Brett returned with Mike and Robert. They brought Trader Joe’s Flaxseed Tortilla Chips and a mixed case of IPAs. Brett put down avocados for guacamole. She lounged on the Italian leather sectional and held her phone with its camera overhead. “What is it like?” she asked. She pointed at the television.

“It’s pretty good,” I said, drinking one of the bottles. “They let the celebrities into the cages one at a time, and they have sharks outside the cages, and the sharks tear at chunks of rotting fish and the celebrities swim around the cage in terror.”

“Do they ever bite the celebrities?”

“Sure. Sometimes they go right after them and kill them.”

“Can’t the celebrities do anything?”

“No. It’s in their contracts.”

“What do they have the celebrities for?”

“To get ratings for the sharks so that people pay attention to ocean conservation.”

“I wish they didn’t have the dead fish part,” Bill said.

“They’re not important,” Mike said. “After a while you never notice anything disgusting. Haven’t you seen Midsommar yet? Makes Shark Week look like…shh, it’s starting.”

A single diver was hitched to the boat and dragged to the gate in the water. The men on the boat lifted the gate with crowbars and shoved the diver into position. Around the cage two sharks swam, swaying their heads and chomping, watching the diver enter.

“Is that Shaq?” Mike asked.

“He doesn’t look happy,” Brett said.

The men on the boat leaned back and grabbed more divers. Rob Riggle, I thought. And maybe Joel McHale. Then they pushed down the door of the cage.

I leaned toward the television and tried to see into the cage. It was dark. Then the water seemed to explode. I saw round eyes and a shadow of fins, and then, with a clattering on the steel of the cage, a tiger shark charged and came halfway through the bars. The divers swam for the gate, shouts bubbling from their mouths as they slapped their hands against the cage.

“My God, aren’t they beautiful?” Brett said. She held up her phone and took a photograph. She captioned the photograph with #sharkweek. She added many mentions.

“Look how they use their teeth,” I said. “Actually, don’t look. McHale may lose a hand.” Brett was watching, fascinated. I got up to make the guacamole and poured another IPA in a pint glass, then poured one for Brett. Brett came and put her hand on my arm.

“Don’t get drunk, Jake,” she said. “You don’t have to.”

“How do you know?” I asked.

“Don’t,” she said. “You’ll be all right.”

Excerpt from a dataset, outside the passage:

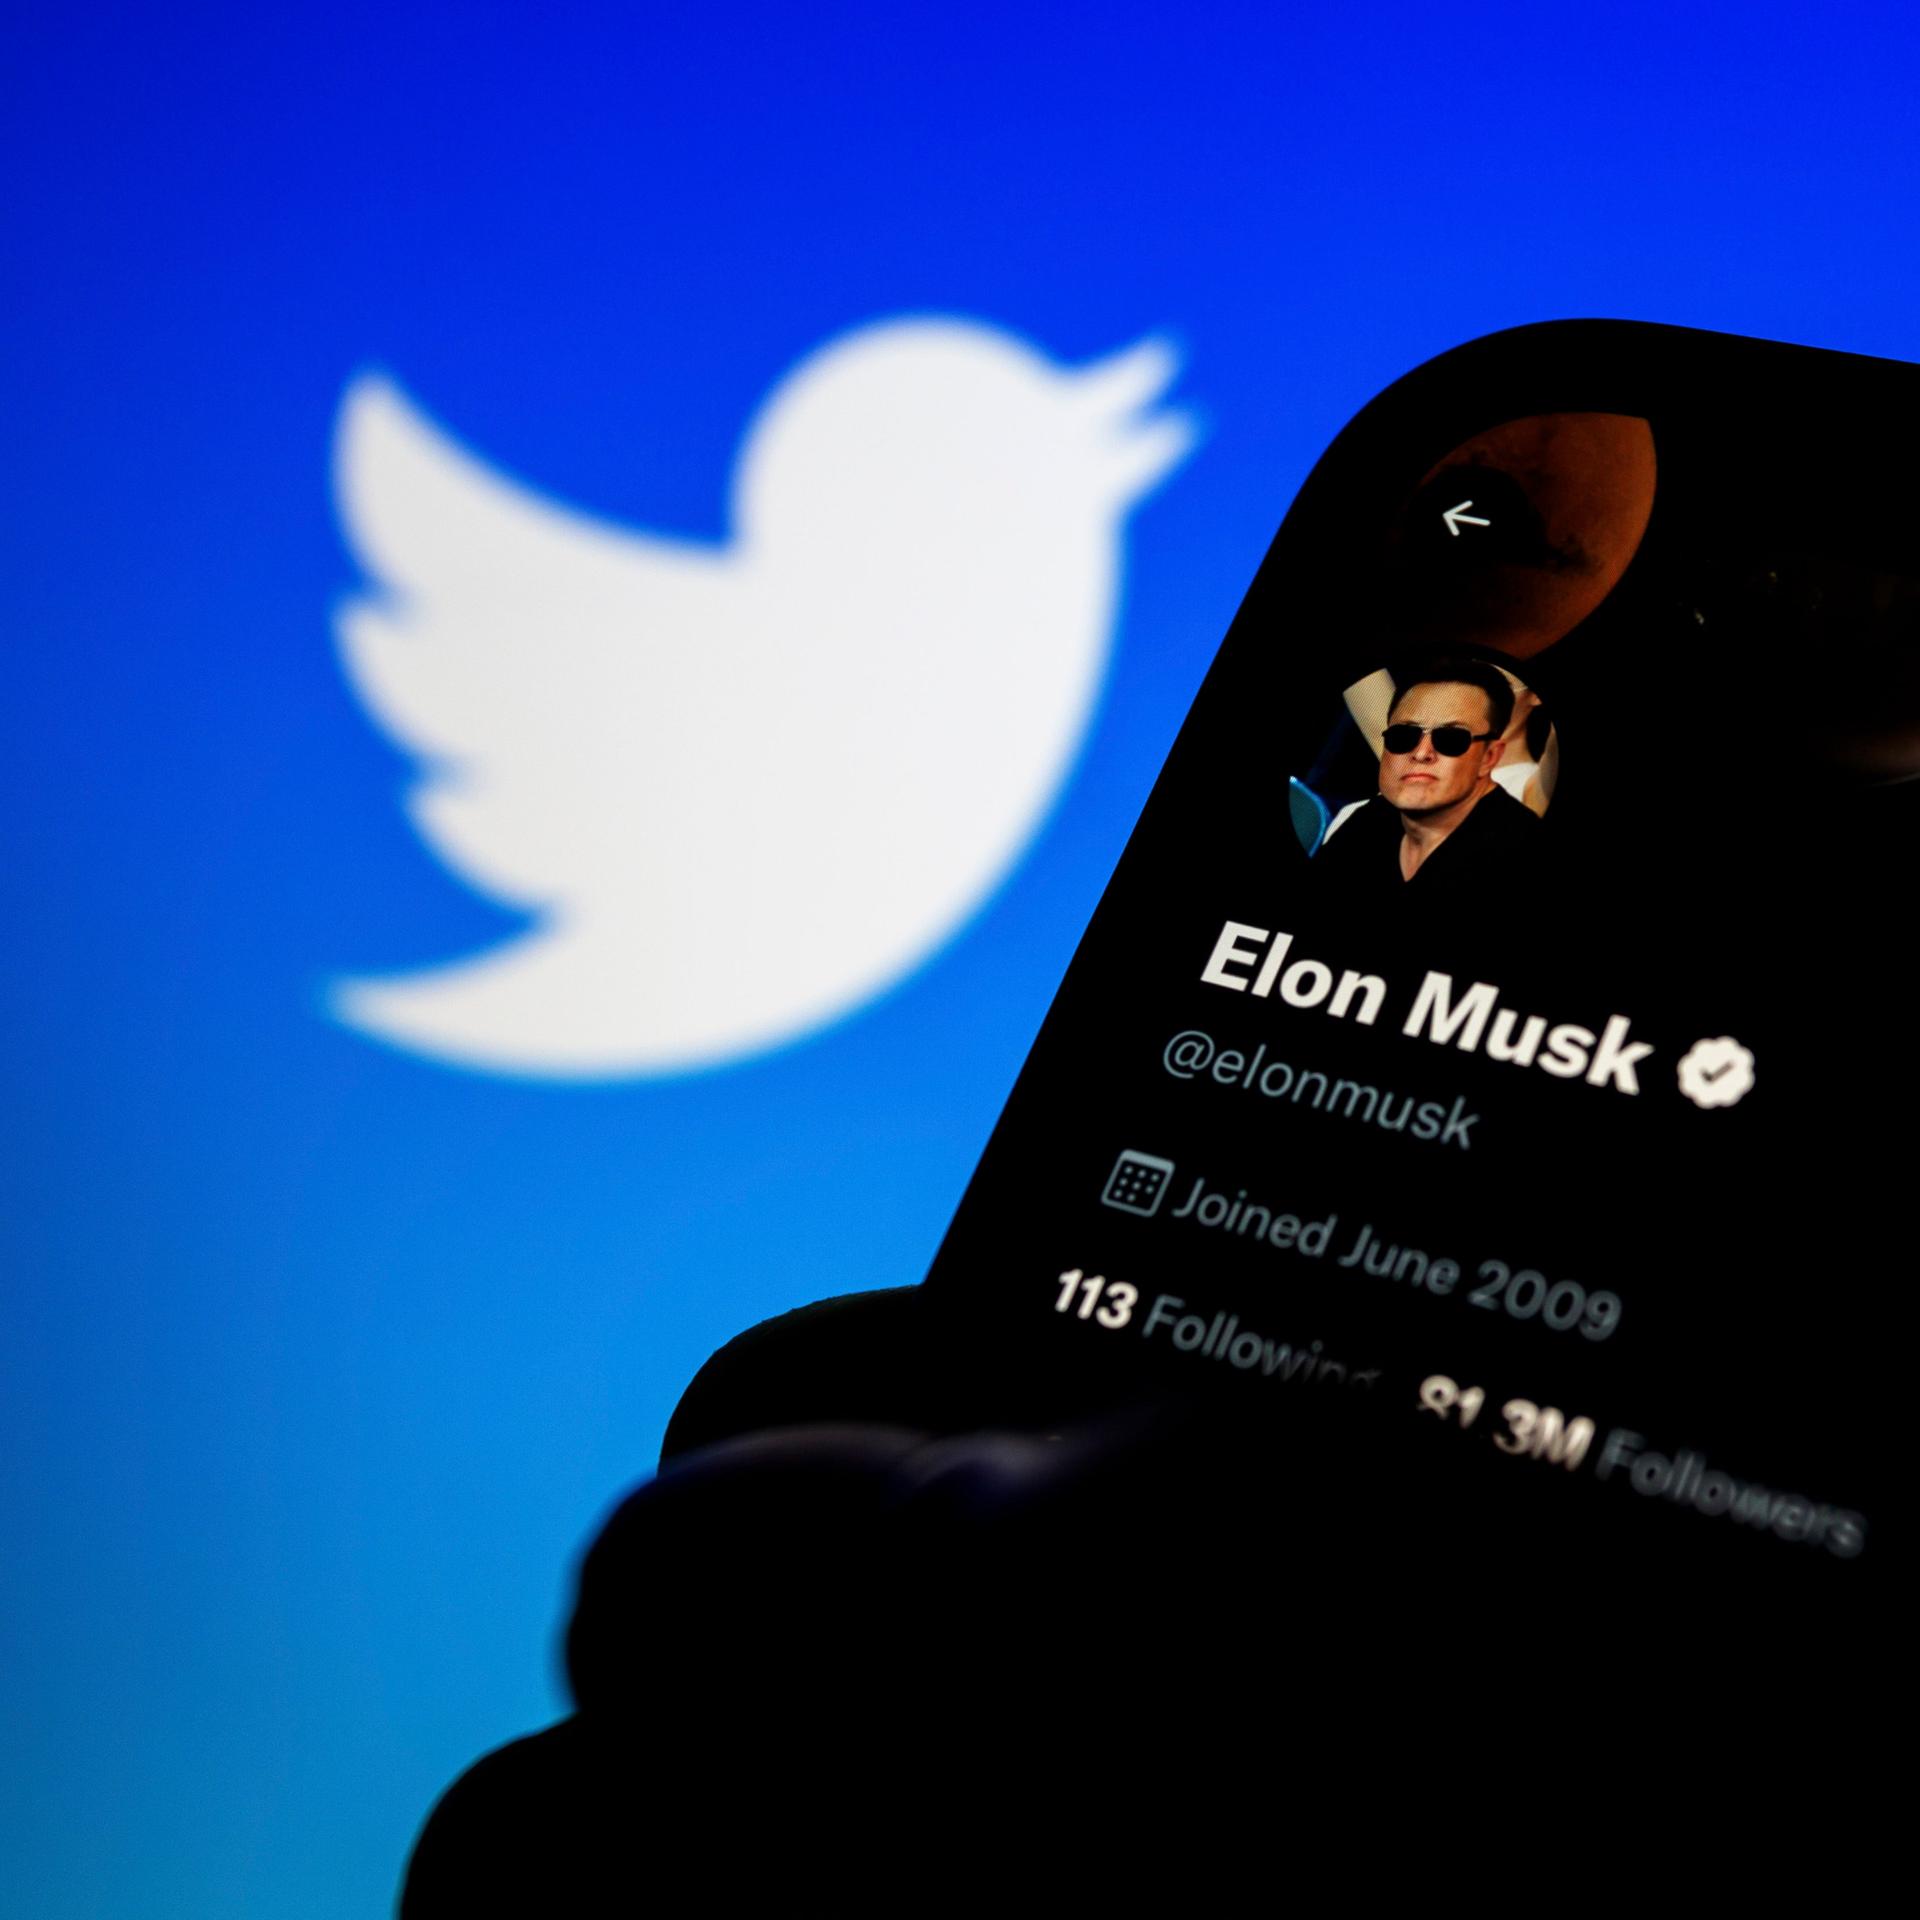 Symbolbild: Ein Smartphone mit dem Bild von Elon Musk auf dem Bildschirm, im Hintergrund das Logo der Plattform "Twitter".
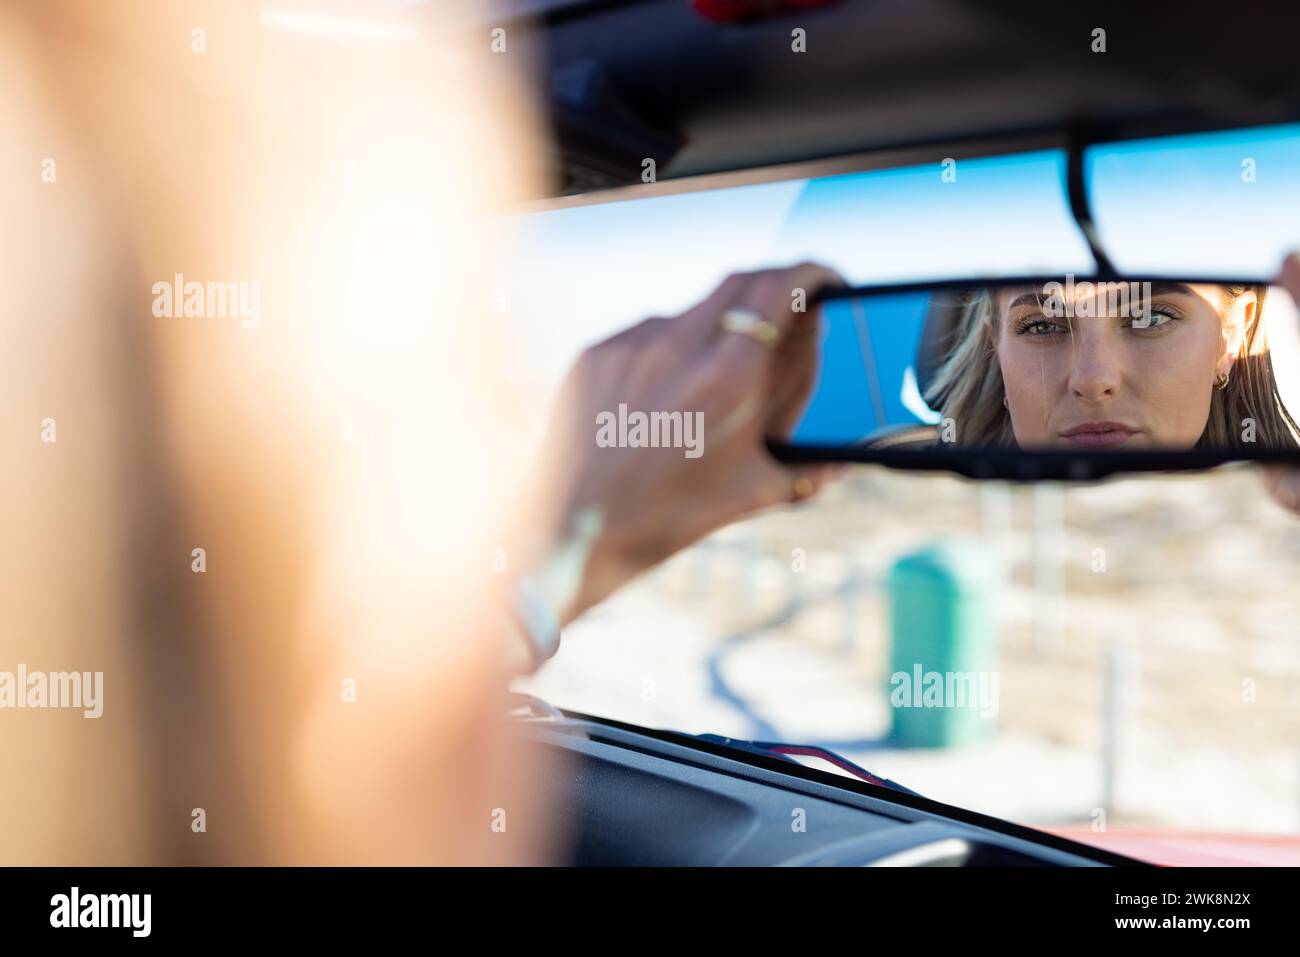 Junge kaukasische Frau stellt den Rückspiegel in einem Auto auf einer Autofahrt ein Stockfoto

“I’m not getting drunk,” I said. “I’m just drinking an IPA. Trader Joe’s makes a decent IPA. A good balance of hops and sweet malt.”

“Don’t get drunk,” she said. “Jake, don’t get drunk.”

“Want to watch some more sharks?” I said. “Montoya can stream any episode from any Shark Week ever.”

“Right,” Brett said. “I haven’t seen Megalodon: The Monster Shark Lives. I should see Megalodon.

“I’ll finish this,” I said.

On the couch it was hot and bright. The room was too small for an eighty-six-inch screen. I sat beside Brett. I put my arm around her and she rested against me comfortably. It was very hot and bright, and the screen looked sharply white, the sun shining over a distant shark-filled sea.

“It’s fake,” I said. “It’s all fake. Megalodon, the race with the great white racing Michael Phelps, the cage with the celebrities getting chomped. It’s all bullshit. We’re watching fake sharks on someone else’s couch, and I don’t know how I’ll make rent next week.”

“Oh, Jake,” Brett said. “Don’t worry. I sent a pitch deck to Discovery Channel, Vineyard Vines, Airbnb, and other potential brand sponsors last week. They’ll all jump on the chance to align with the damned good time we’re having together.”

“Yes,” I said. “Isn’t it pretty to think so?”